Lieutenant Rzhevsky was expelled from "House-2" for intelligence.
Who chose Peehu for the voice of the first line?
I Wanted Darth Vader (
by Oldsibiryak:
A long time ago, when the water was wet, the sky was blue, and the telescope once a year showed a broadcast of "Melodies and Rhythms of a Foreign Broadcast", consisting of Karel Gotth, I was surprisingly young and stupid. And I had no less young and stupid friends, yes. We were fascinated by all sorts of things, although mostly girls. But all sorts of different too - played on the ceiling terribly heavy and even places of punk rock, eaten a port wine and you did. As you did once acted one powerful drug, from the list "B". It is powerful, ah. The Powerful. We walked away, but each in his own direction. On my side was a box with slides and lights. And I sat down all night and carefully removed the slides from the frames and wrapped the lights in them. When we were released and we started counting the damage, it turned out that I wrapped something about six hundred flashbacks. Each in its own slide. And he put them in ranks of seventeen and twenty-four pieces.

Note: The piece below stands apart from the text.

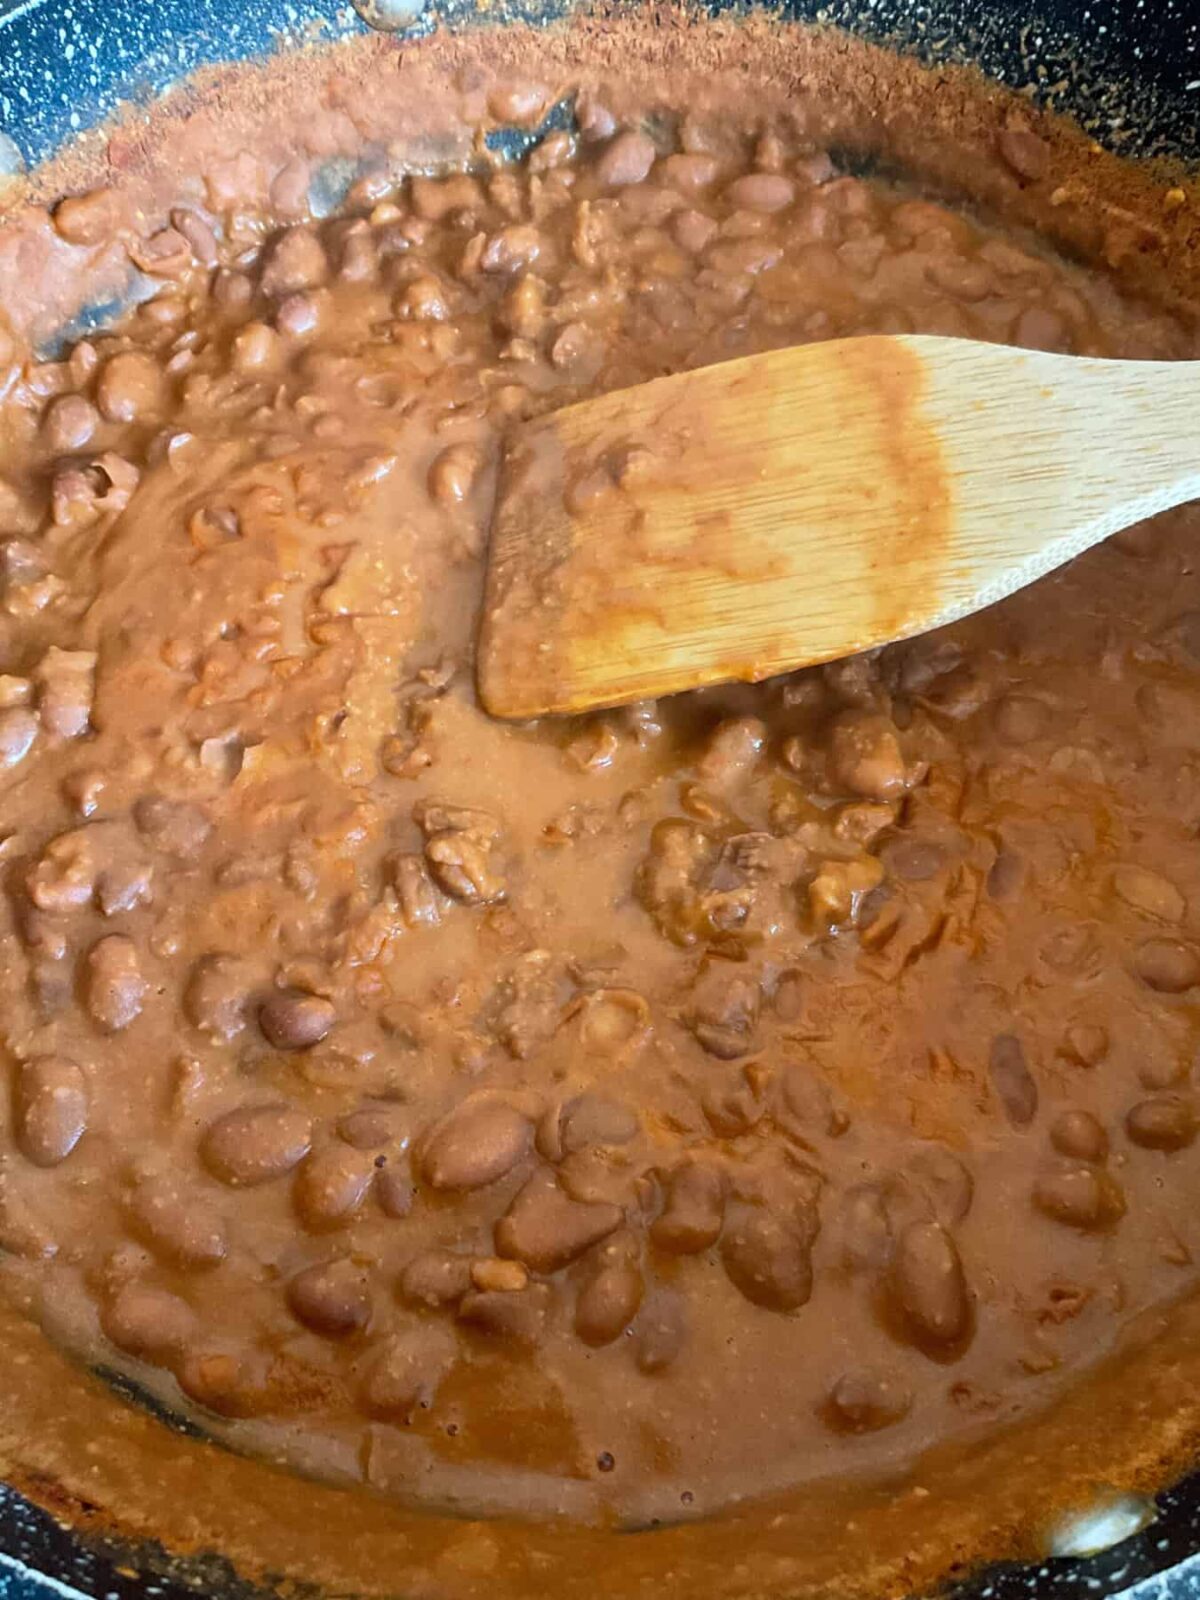 Refried beans cooked in the pan and ready to serve.

XX: I am a man of old hardness
xxx: nervous when the work computer writes "Detecting IDE Drives" and 4 times None after that
I will wash the guitar more to your face.

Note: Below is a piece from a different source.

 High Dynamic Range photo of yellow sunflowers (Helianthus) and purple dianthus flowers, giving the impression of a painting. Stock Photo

If you had seen me this morning, you would have said that I have more to my face than a bean, a mahogany, and a bottle of samsung.

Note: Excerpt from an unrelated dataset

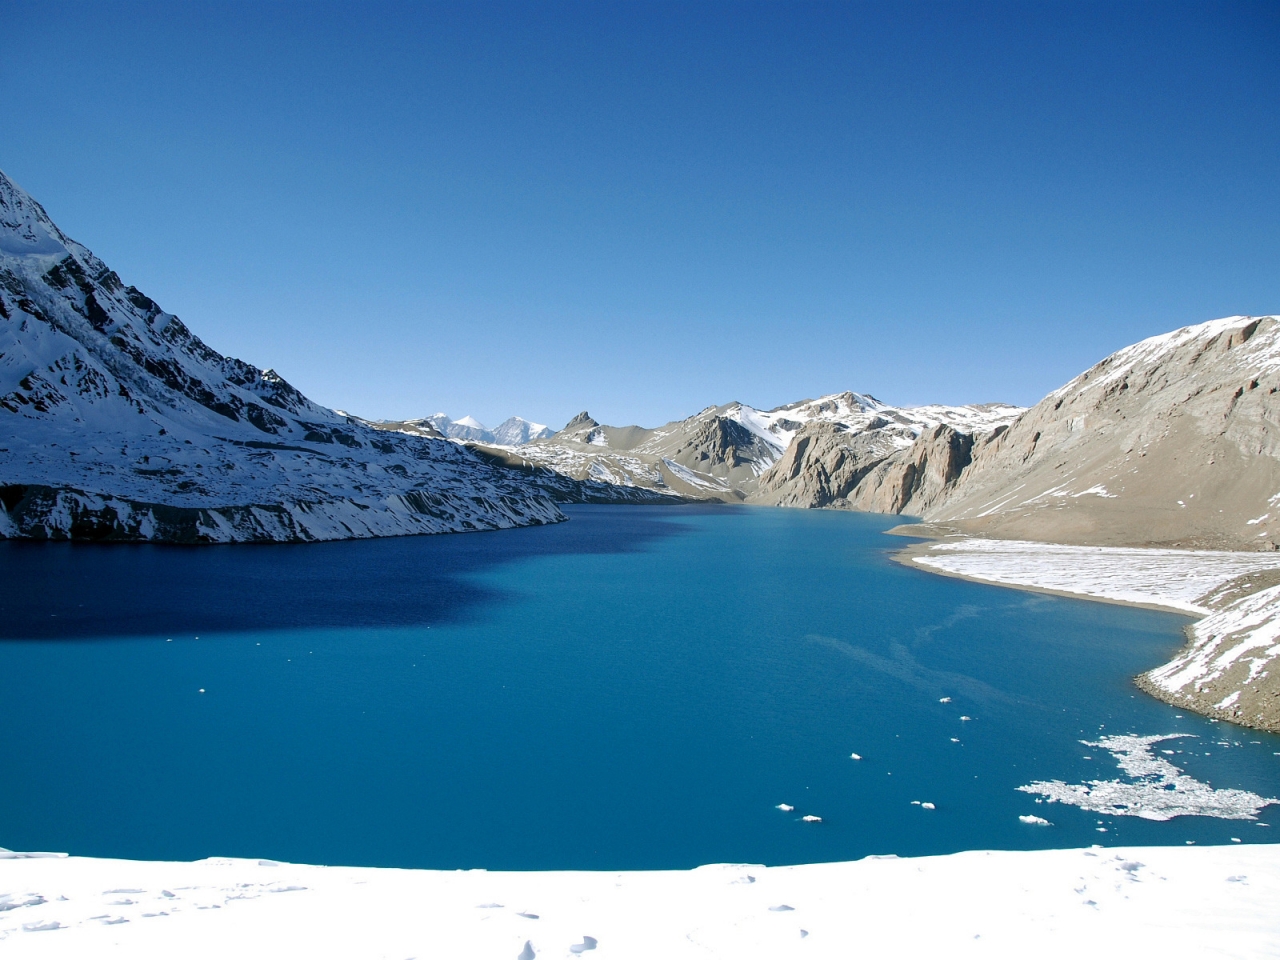 Tilicho Lake View for 1280 x 960 resolution

(g): I probably didn’t have to call you all so yesterday, sorry-sorry, forgive me))) (the keyword is "at all")))
Nothing, forgot about it. (keyword "go to fuck")
by tel720
Just the computer released a wonderful "iTunes program discovered that it is not the main player for audio fools...", so I wanted to write. "Angry and offended." And then there should be buttons. "Excuse me and correct", "Excuse me", "Send to...".
Modern student - instead of preparing for the session, he is looking on the net for a beautiful aforism about the shit to put into the status.
In a forum under a picture of the donkey:
This is not a donkey, but a donkey! As far as I know, the donkey must have horns!"
I am afraid to imagine this miracle.
Kain (10:42:48 2/06/2009)
We did not ride horses on Issyk Kul, one horse had the name "Veterok".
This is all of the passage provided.